Firstly there are plenty of examples where the process of
drafting has, in error, missed out NHDPFs. A good example can be
found in the process of railway privatisation in the 1990s when those charged
with pulling together the hugely complex legislation to divest the state of
ownership of its railway undertakings overlooked the legislation that gave
British Transport Police (BTP) some of its powers. A Bill was rushed
through Parliament in 24 hours to preserve the (rather unsatisfactory) status
quo. (1) Other examples touching BTP include provisions around
football banning orders, road traffic enforcement at level crossings,
possession of firearms and counter terrorism stop and search powers – all of
which were subject to later inclusionary amendments in primary
legislation.
The Police Act 1996 has been amended several times to extend
parts of the Act to some NHDPFs, in certain
circumstances. All this creates a complicated backcloth to the work
of these forces.
The reasons why NHDPFs are ‘forgotten’ are many but the most
common causative issue is the use of language in drafting.
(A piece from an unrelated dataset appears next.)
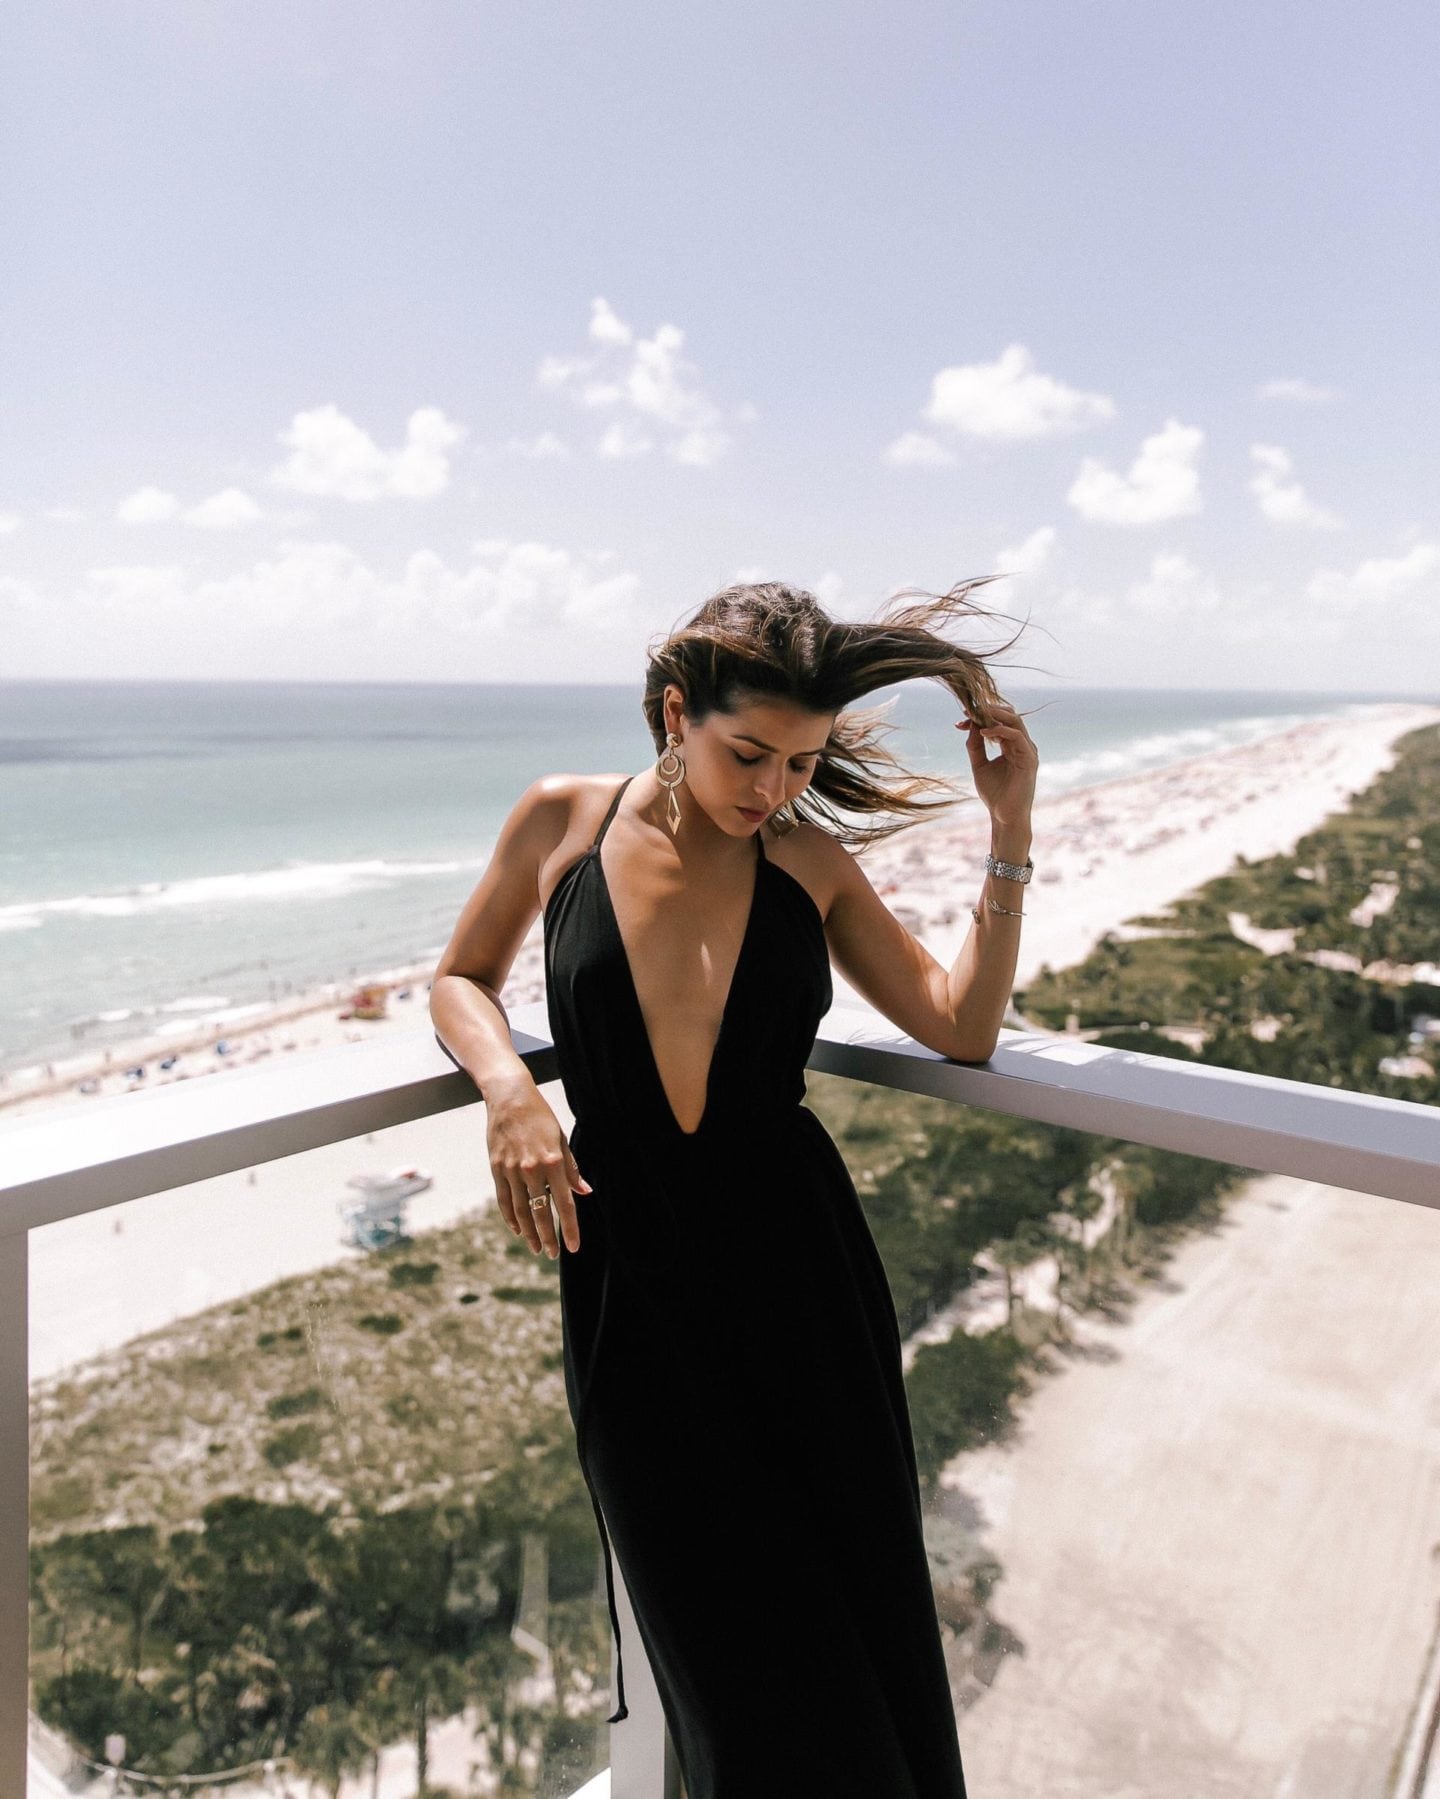 How to Take Better Instagram Outfit Photos by Pam Hetlinger | TheGirlFromPanama.com | Chic Summer Outfit, deep v dress, minimal style, beach outfit, la fashion blogger

NHDPFs
are not ‘police forces’, except in so far as their parent Acts allow them to
be. The term ‘police force’ is strictly defined, (for convenience
reference here is only to England and Wales), both by the Police Act 1996 and
by the Interpretation Act 1978. (2) Consequently NHDPFs are not included in
legislation that relates to police forces, police areas, chief officers of police
etc, unless they are specifically included. Civil Servants drafting
legislation need to take great care that they are creating the ‘desired’ effect
in new Bills and Regulations. Things are made ever so slightly more
complicated in that some legislation uses the phrase
‘constable’. NHDP officers are, of course, constables – but only
when operating in their constablewick. In most cases this concept is
not solely rooted in geography. For example a BTP officer is a
constable on the railway and elsewhere throughout Great Britain when dealing
with a matter connected to the railway, but for other purpose BTP officers are
only constables in constrained circumstances (emergencies etc) or when working
on mutual aid etc to Home Department forces.
Similar provisions apply to the Ministry of Defence Police (MDP) and the
Civil Nuclear Constabulary (CNC). Port constables may, with the agreement of
the local chief constable have their jurisdiction increased within that Police
Area.
It is possible perhaps to anticipate how some current
oversights may be corrected in the near future. The awful scandals
that have hammered the Metropolitan Police in recent years provide a reminder
that NHDPF officers who are dismissed for gross misconduct are not included on
the ‘banned list’ maintained by the College of Policing and are, in theory at
least, appointable as constables in Home Department forces. After the
passage of several years the government has moved to close this gap in the
Crime and Policing Bill. One might have
thought that the easiest way of sorting this would be to include all holders of
the office of constable (and members of the National Crime Agency) in the
barred and advisory lists when the appropriate circumstances apply. For reasons unknown this was not thought
appropriate. Instead new barred and
advisory lists are to be created for each of the major NHDPFs meaning that all
involved in recruitment and transfers will have to consult each list separately. Officers in the smaller forces will still not
be included.
As an aside it is worth mentioning that there are some
examples of NHDPFs being included in legislation that leads to a bit of head
scratching. Quite why BTP is included in the provisions for maritime
enforcement (including boarding and seizing vessels) in the Policing
and Crime Act 2017 is a mystery.
Part two of my answer is more straightforward than the
first. NHDPFs are not often left out of legislation because they
have been overlooked. They are excluded because legislators are wary
of including organisations that are not seen as equal to Home Department forces. Policing legislation is overseen by the Home
Office. The Home Office position has remained consistent since the
formation of the Metropolitan Police and was much influenced by the Royal
Commission of 1839 (3) (which was highly suspicious of ‘private’ attempts to
enforce the law).
Put simply the primary responsibility for policing rests
with local chief constables and all else is auxiliary and, hopefully, complementary. Local Chief Constables have full jurisdiction over
areas covered by NHDPFs while the Chief Constables of NHDPFs have no
responsibility for places outside their limited demesne (4).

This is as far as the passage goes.